Against the backdrop of the number 959 — colossal even by the standards of football’s greatest goalscorers — it becomes increasingly clear that late-career Ronaldo is running a personal marathon. The 1,000-goal target is no longer just an ambition; it is close to an obsession. He pursues it through maximum physical load, a league with a packed calendar, and constant focus on finishing every attacking move. Inevitably, this reshapes Al-Nassr around one man. Too often, the team’s first instinct is to funnel the ball to Cristiano rather than search for more flexible solutions. While he keeps scoring, the model appears to work. But once opponents manage to neutralise him, or matches are decided by structure and system rather than flashes of individual brilliance, the fragility of that approach is exposed.

From the owners’ perspective, the situation is deeply ambiguous. From a business standpoint, the money invested in Ronaldo — including his lifestyle and conditions in Saudi Arabia — has already paid off in media terms. Interest in the league has surged, broadcasts and social media engagement have exploded, and the country has enjoyed a major tourism and image boost. Ronaldo remains a global magnet who sells not just football, but the very idea of Saudi Arabia as a new destination for the world’s biggest stars. Yet sporting logic demands a simpler answer: where is the league title? When will the millions, the records and the noise translate into a concrete result in the Saudi Pro League? Without an SPL trophy, the project increasingly resembles a showroom — expensive, dazzling, but hollow at its core.
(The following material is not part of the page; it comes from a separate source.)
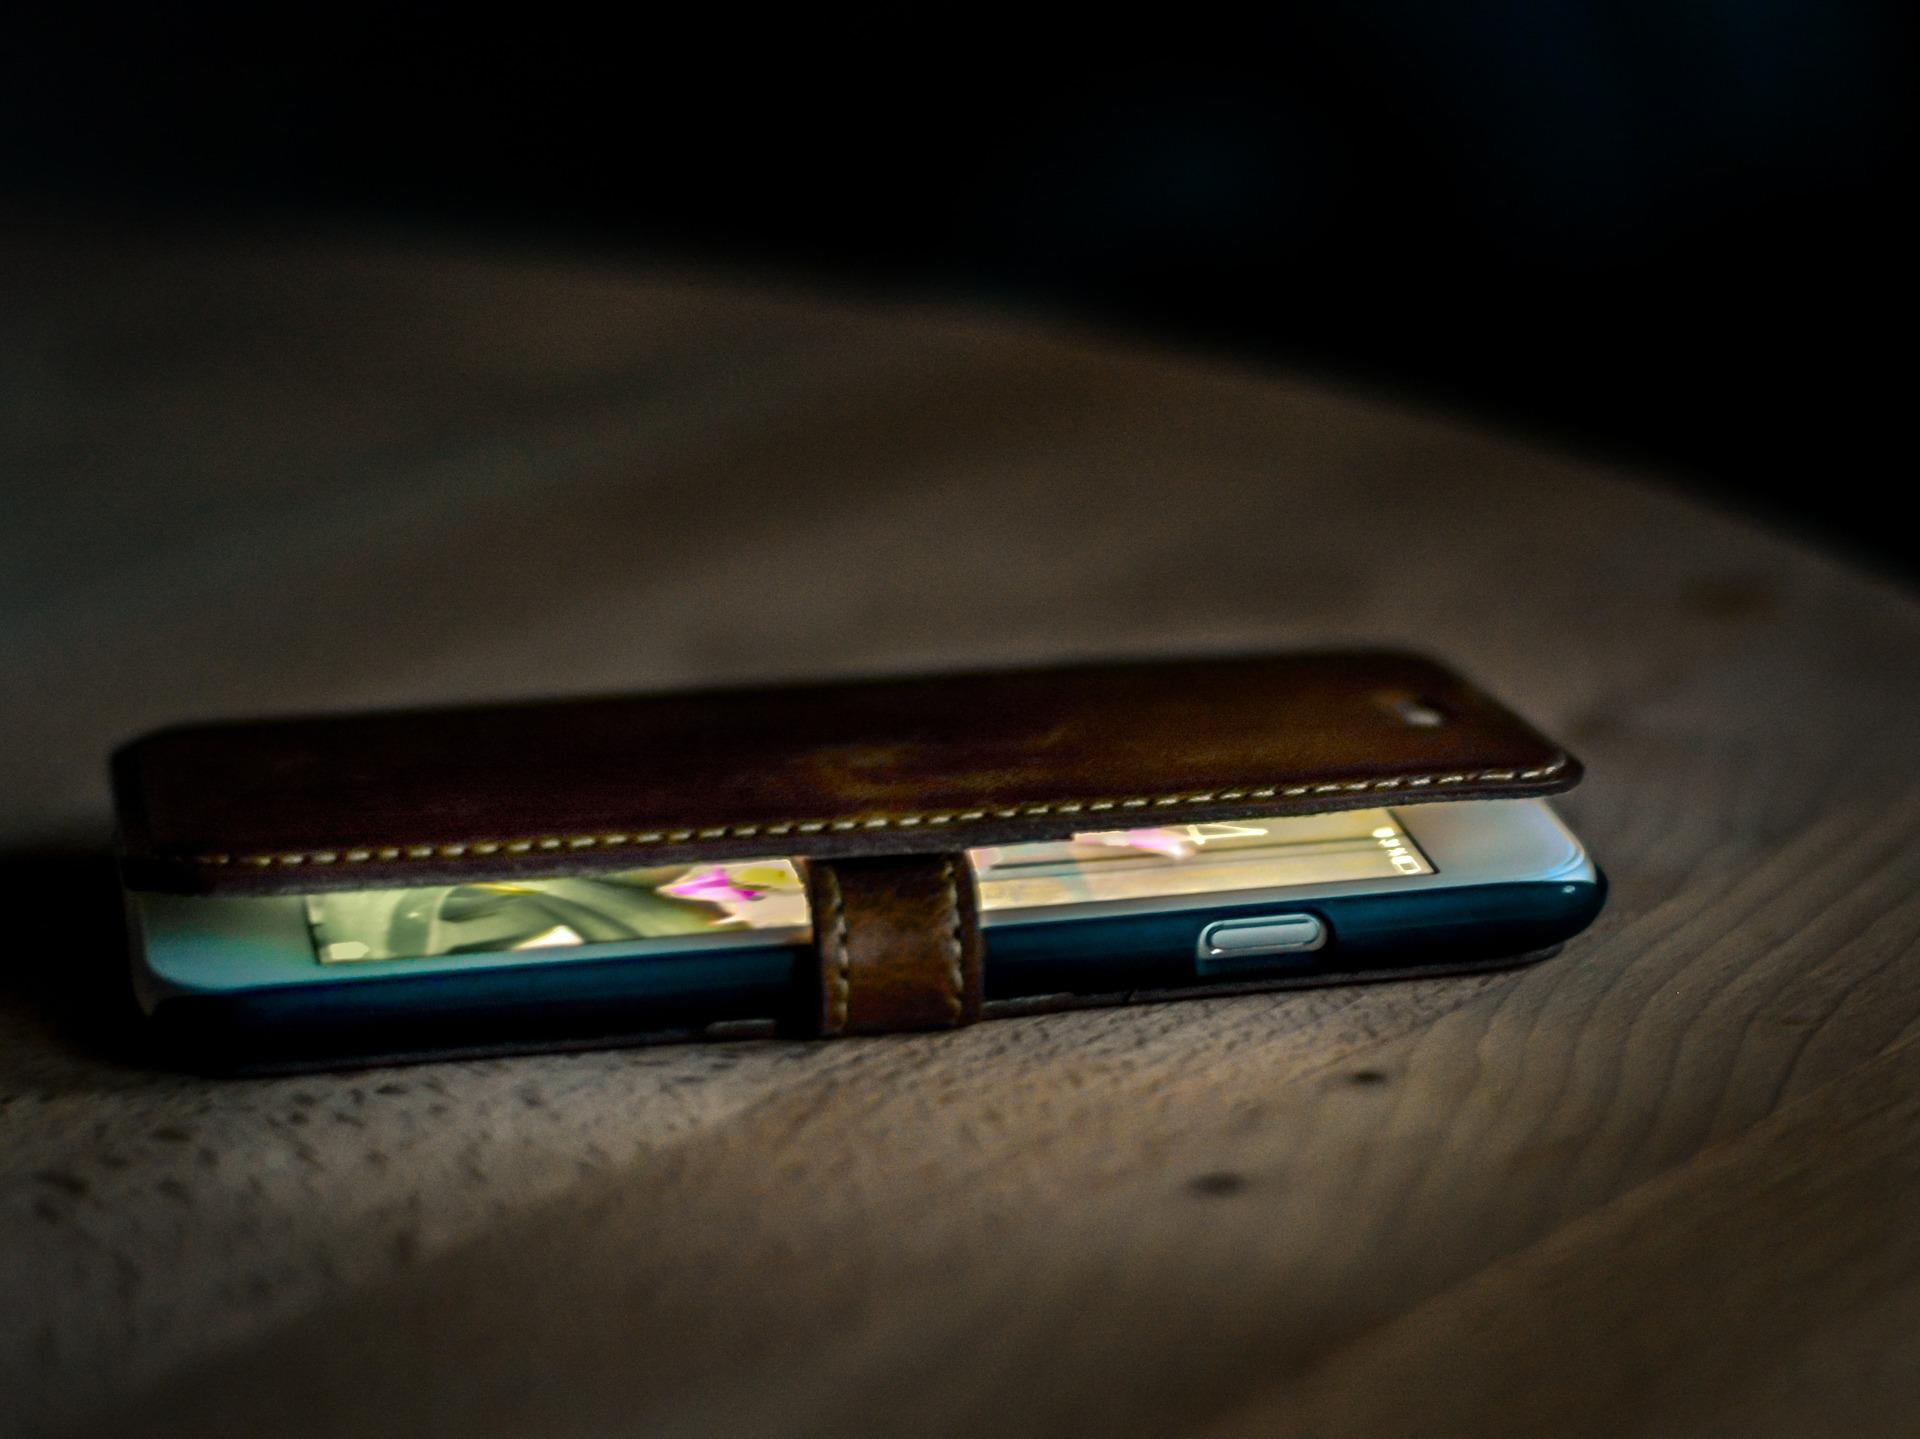 mobile-phone-630320_1920

It is easy to imagine tougher conversations already taking place behind closed doors. The leadership wants to keep using the Ronaldo brand to elevate the league, but at the same time they are likely demanding that the sporting department, coaches and recruitment staff build more than a system designed purely around a 40-year-old striker. What they need is a structure capable of winning trophies. For now, the reality is stark: Cristiano Ronaldo marches confidently towards 1,000 goals, living by his own personal objectives, while Al-Nassr remain in the shadow of rivals for whom trophies are not a dream, but a habit.